Badminton — fun, physical and desperate for players, fans

Tiny group keeps Bristol badminton league alive, would gladly welcome new members ·

Most days, the Bristol Community Center thumps with the beat of Zumba or fitness classes or basketball or other mainstream activities. Other times it hums and grunts with the sounds of yoga or alternative forms of exercise.

But on Tuesday nights, it quiets down and welcomes the tiny zip and whizz of a lone “birdie” flying around the gym. On those nights, a small, fun-loving group of folks gather to renew rivalries in the smallest sports “league” around.

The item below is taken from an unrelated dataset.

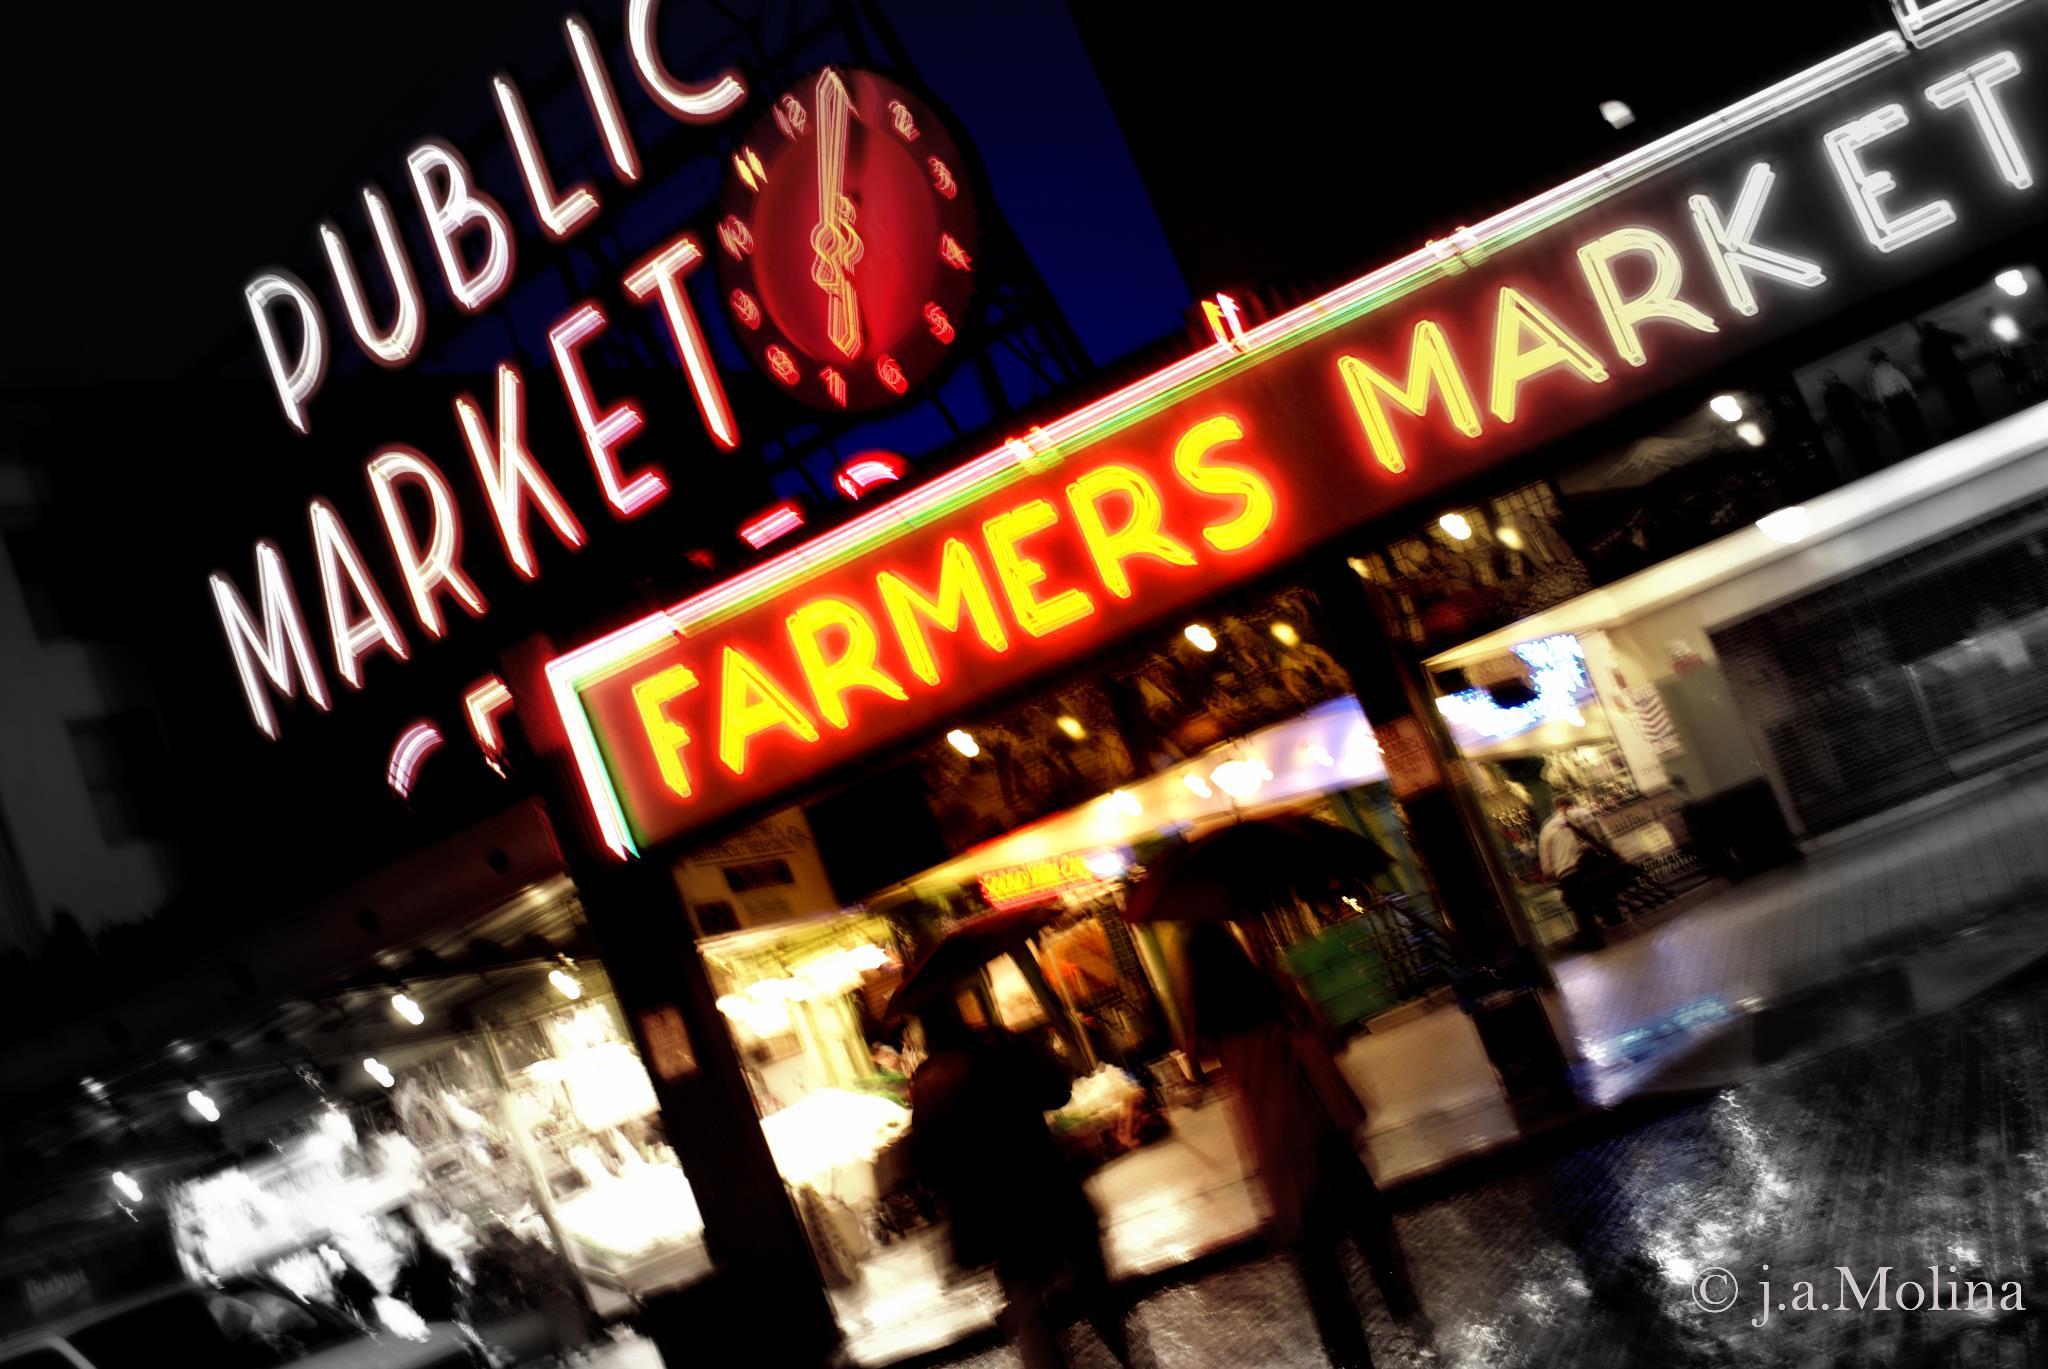 Jamolina pike place market

The Bristol badminton league has a steady group of four or five participants, and it’s desperate for more.

“We’re down to basically four people,” said league organizer and co-founder Michelle Mascena. “We need to find people or we’re going to have to stop.”

Most people recall badminton as an awkward activity from middle school gym class, or an occasional diversion at family cookouts.

Tom Hanson, father of three boys, remembers spirited matches in the back yard. “With three boys, it got pretty competitive,” he said.

When he heard about the new badminton league from Ms. Mascena eight or nine years ago, he signed up and has been coming ever since. At their zenith, they had about 16 active players. But out-of-town moves, injuries and job changes have whittled the group down to just a handful.

They would gladly welcome new members.

“I’ve just always loved badminton and wanted to play,” Ms. Mascena said. While a student at Barrington Middle School (many moons ago), Ms. Mascena joined a badminton team organized by the school’s gym teacher. They competed in a state tournament and won it.

Ms. Mascena played volleyball in college but always came back to badminton whenever possible. She played in a league run out of St. Andrew’s school for a time, before that folded. Eventually she started the Bristol program.

Both Ms. Mascena and Mr. Hanson say badminton is great exercise, especially for adults who want to be in a competitive environment without the physical toll of many team activities. “I played a lot of basketball,” said Mr. Hanson, “but there were a lot of flagrant fouls, and it got more difficult to run up and down the court … Badminton is great exercise. My doctor likes to hear that I’m getting an additional two hours of exercise each week.”

Their badminton sales pitch goes further.

“Socially, it’s a lot of fun. You get to know everybody,” Mr. Hanson said.

And they say anyone not confident in their skills should not hesitate to try it. “It’s the kind of game where you can generally get better at it, relatively quickly,” Mr. Hanson said.

Ms. Mascena added that she is very willing to teach people, and most players can show improvement within an hour of picking up a raquet and getting minimal training.

The league is intended for adults, but Ms. Mascena said they would welcome teenagers if accompanied by an adult. The program is open to any residents, of Bristol or otherwise. They play Tuesday nights from 7:30 to 9 p.m.